◆ Task directions
Since the copy must hold text only, transcribe the data below exactly and omit the images.

◆ Dataset section
────────────────────

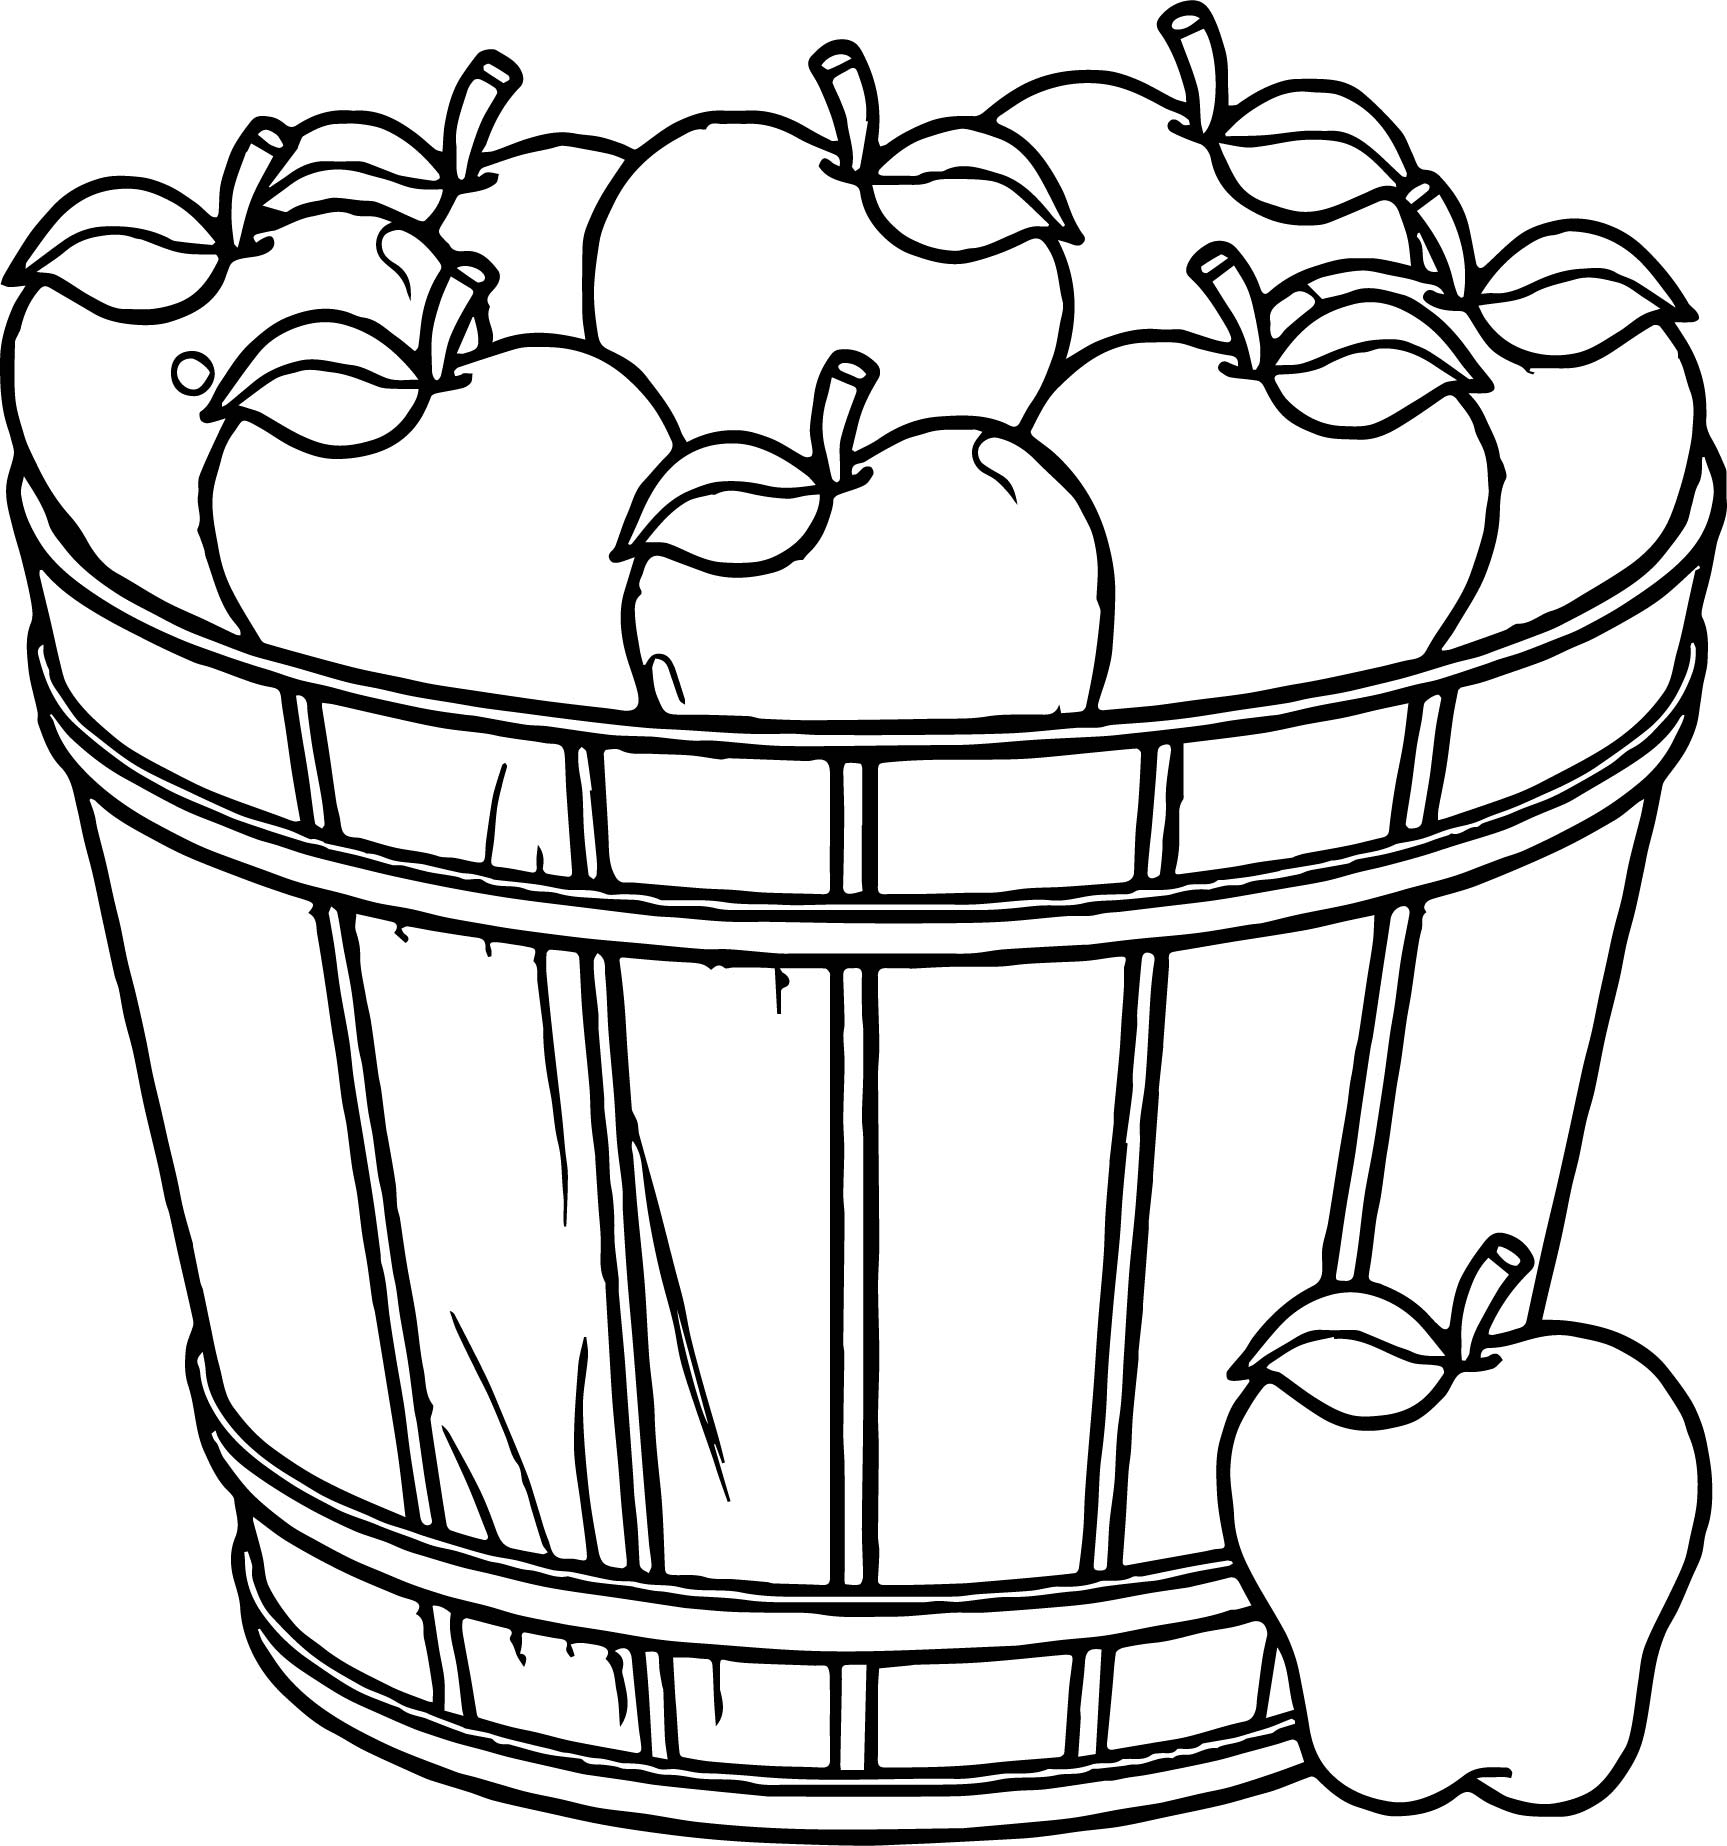 Fruit Bowl Drawing At Getdrawings
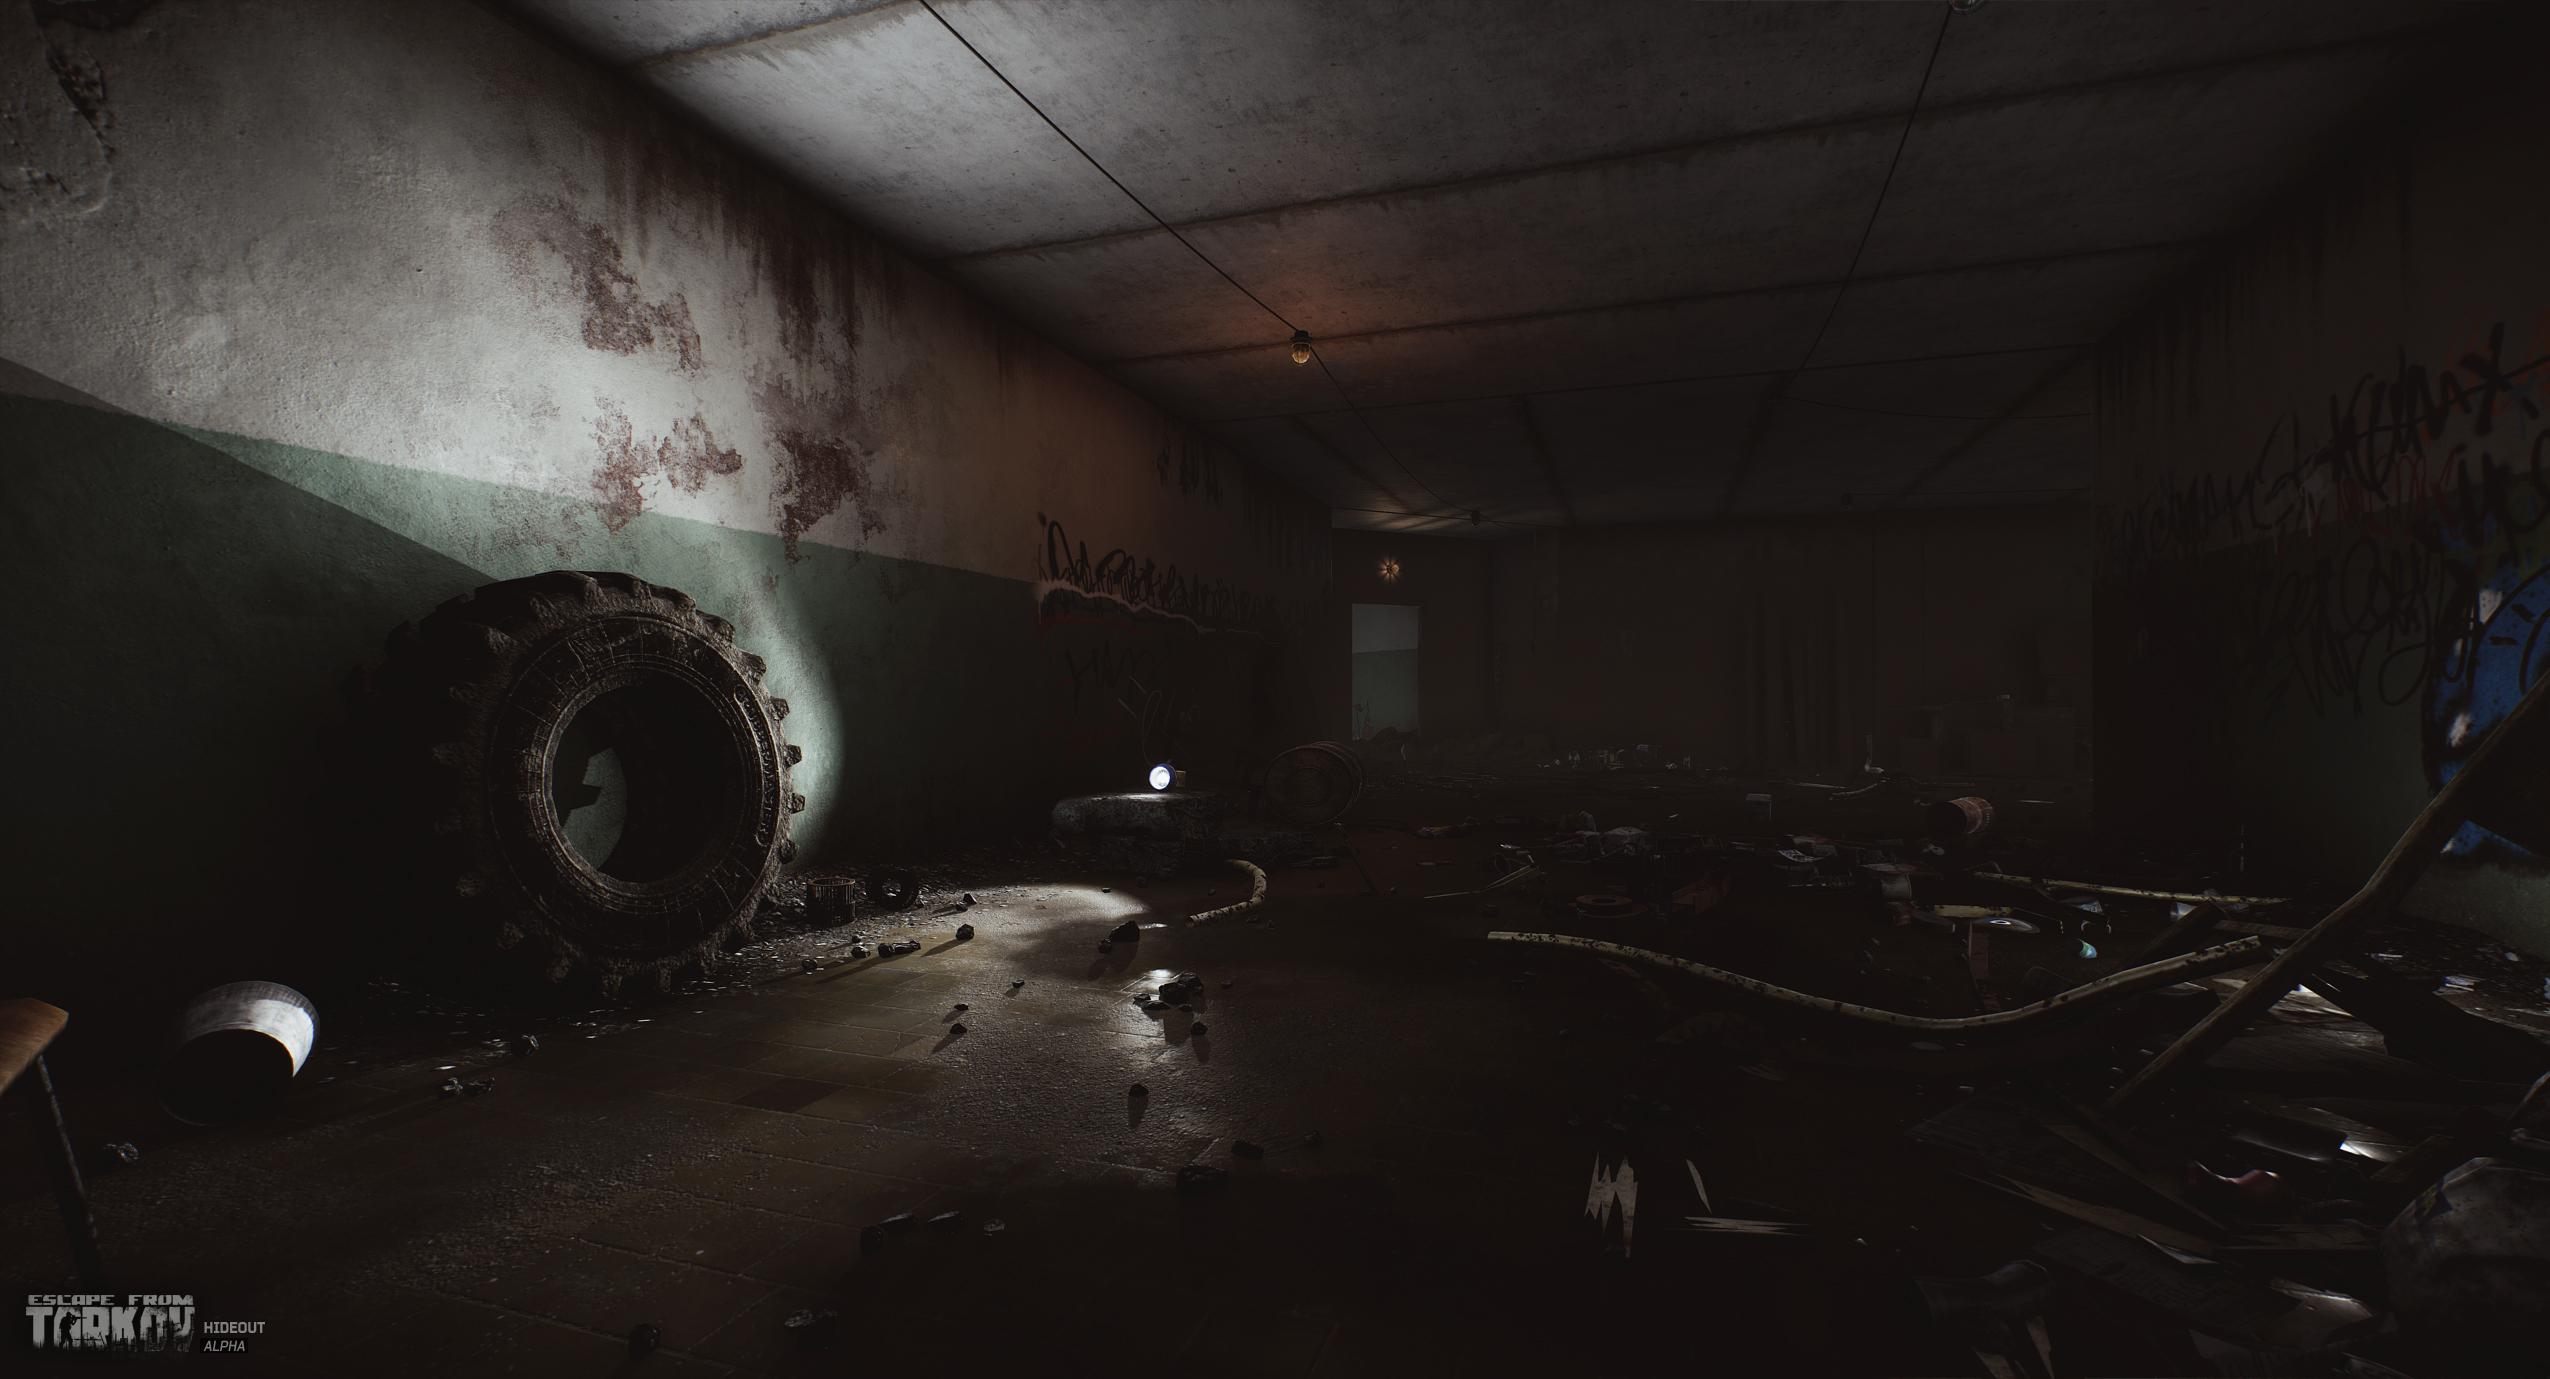 escapefromtarkov_hideout3.jpg
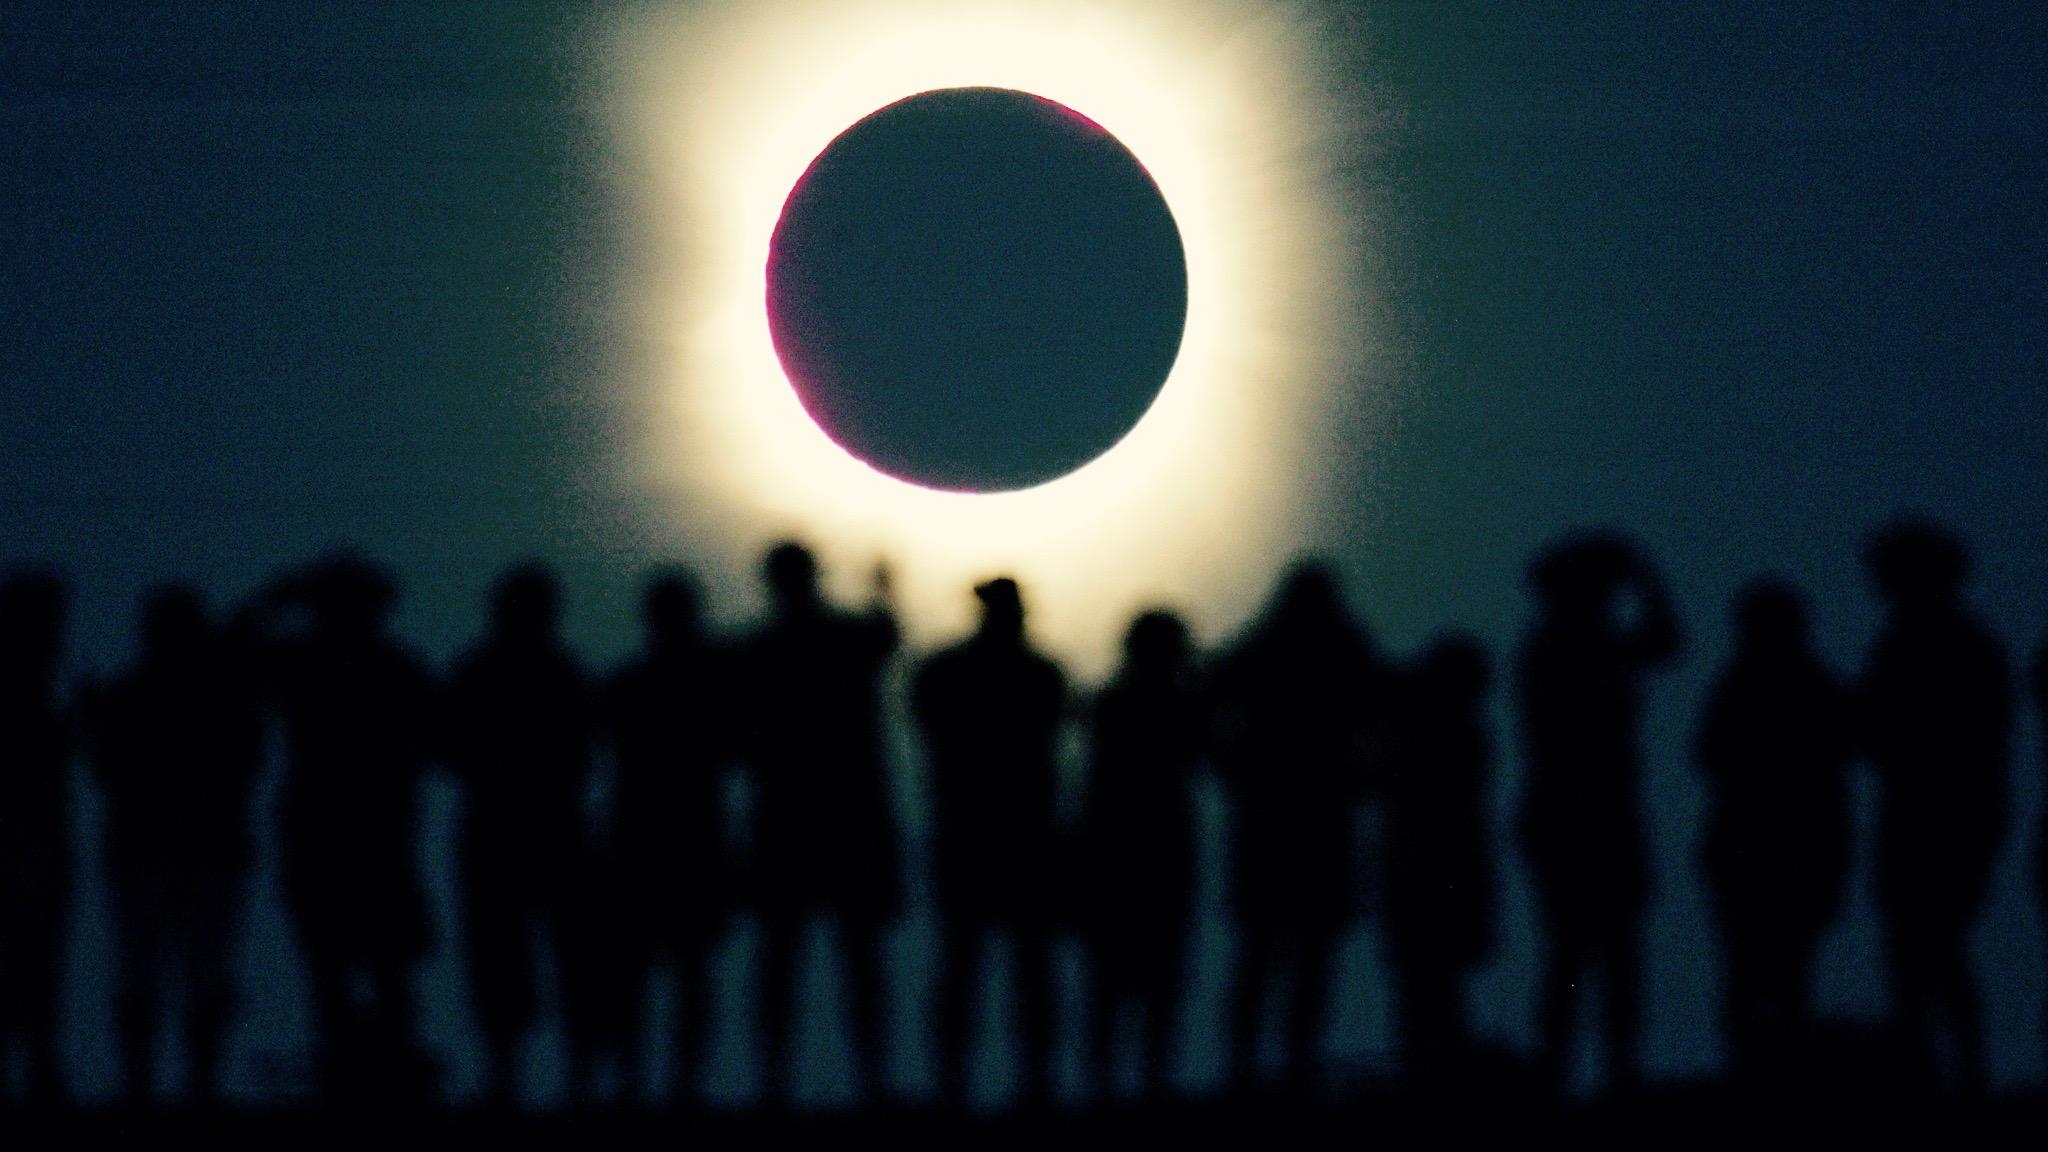 Solar eclipse myths persist despite scientific evidence disproving

────────────────────

◆ Finished exercise
 Fruit Bowl Drawing At Getdrawings
 escapefromtarkov_hideout3.jpg
 Solar eclipse myths persist despite scientific evidence disproving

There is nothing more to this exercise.